Walking Across America

Recently, I had the pleasure of meeting a man named Andrew Forsthoefel. There was something about the way he listened and engaged with people that I instantly liked and made me curious about him. He had this way of drawing out of me and others around him the important parts, the parts we don’t often speak of with people we’ve just met. When I heard his story, I realized that he’d had lots of training.

One big important part for Andrew was what he learned while walking across the United States, from the east coast to the west coast. He wore out several pairs of shoes — five? six pairs? And he wore a sign that said, “Walking to listen.” He recorded conversations he had with people along the way.
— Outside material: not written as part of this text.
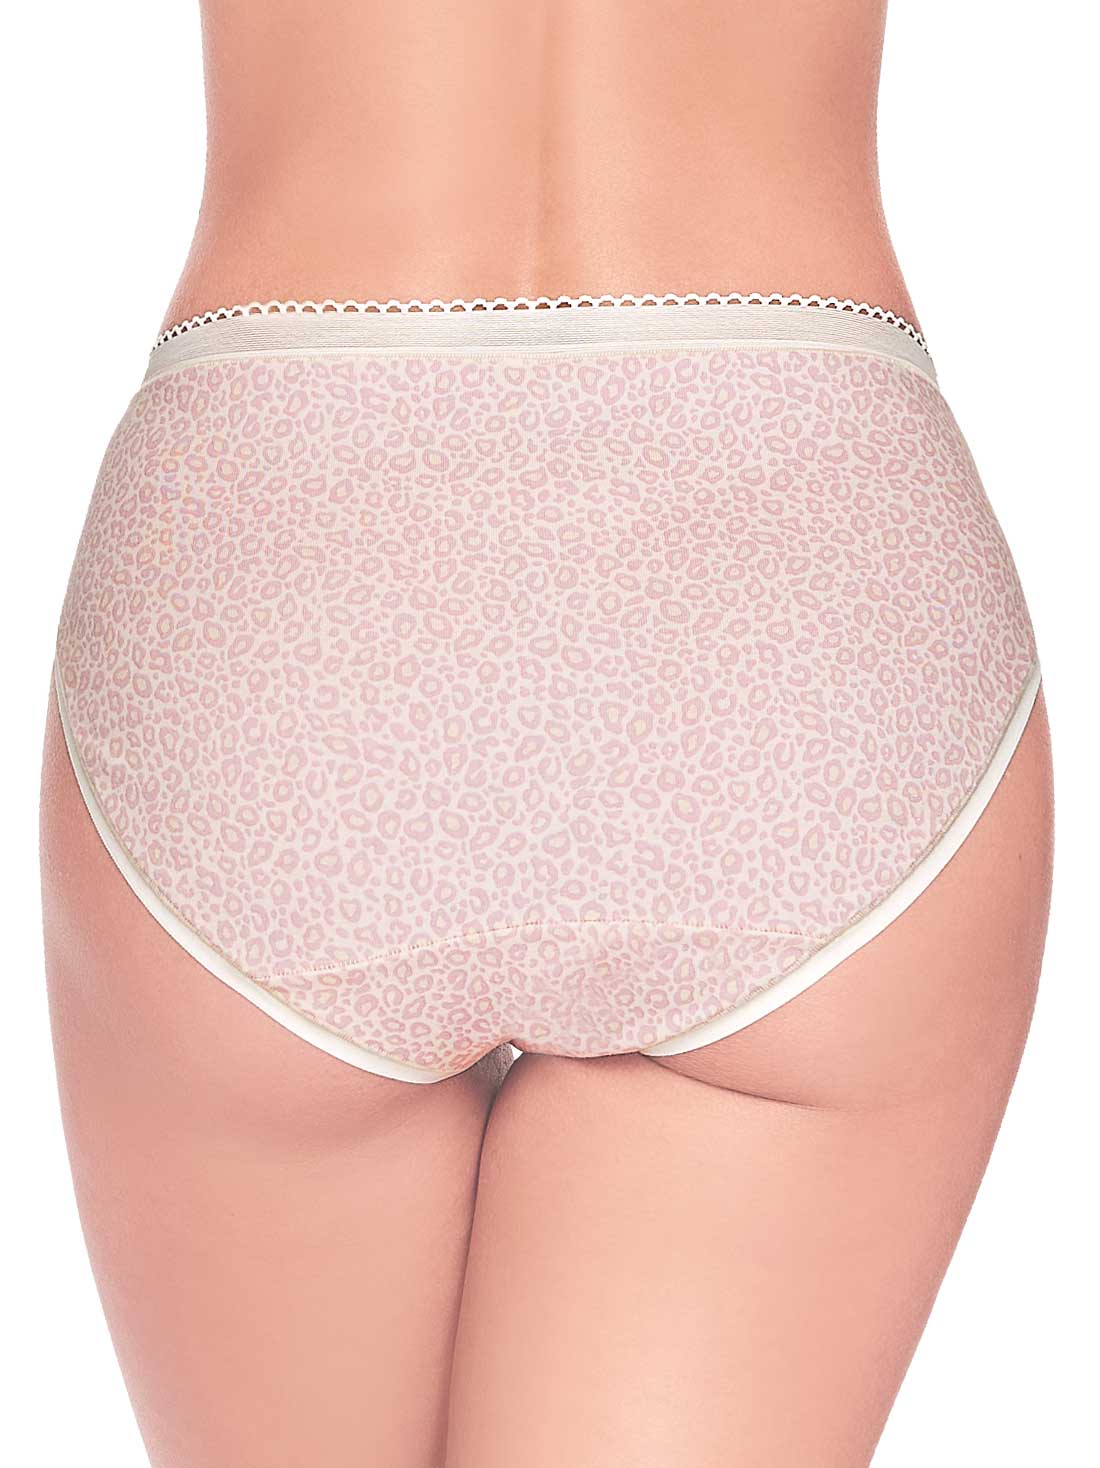 French Cut Panties 79001 - Pack of 6

When I listened to the part where he sees a bunch of young men ahead of him on the tracks, and he strides forward to talk with them, despite feeling a pang of apprehension, I couldn’t help but think of a similar experience described by John Muir, more than a hundred years before.

The part where he gets giddy with the freedom of the open road before him and starts singing is wonderful.

And the stories and advice and songs and gifts of the people he meets are also wonderful. And how he shares what he’s learned without hitting you over the head with it, because he’s still in the daily process of figuring it out, forgetting, remembering those moments of grace and beauty that he witnessed, was, and is part of.

I highly recommend the radio piece, “Walking Across America: Advice for a Young Man,” about his walk across America.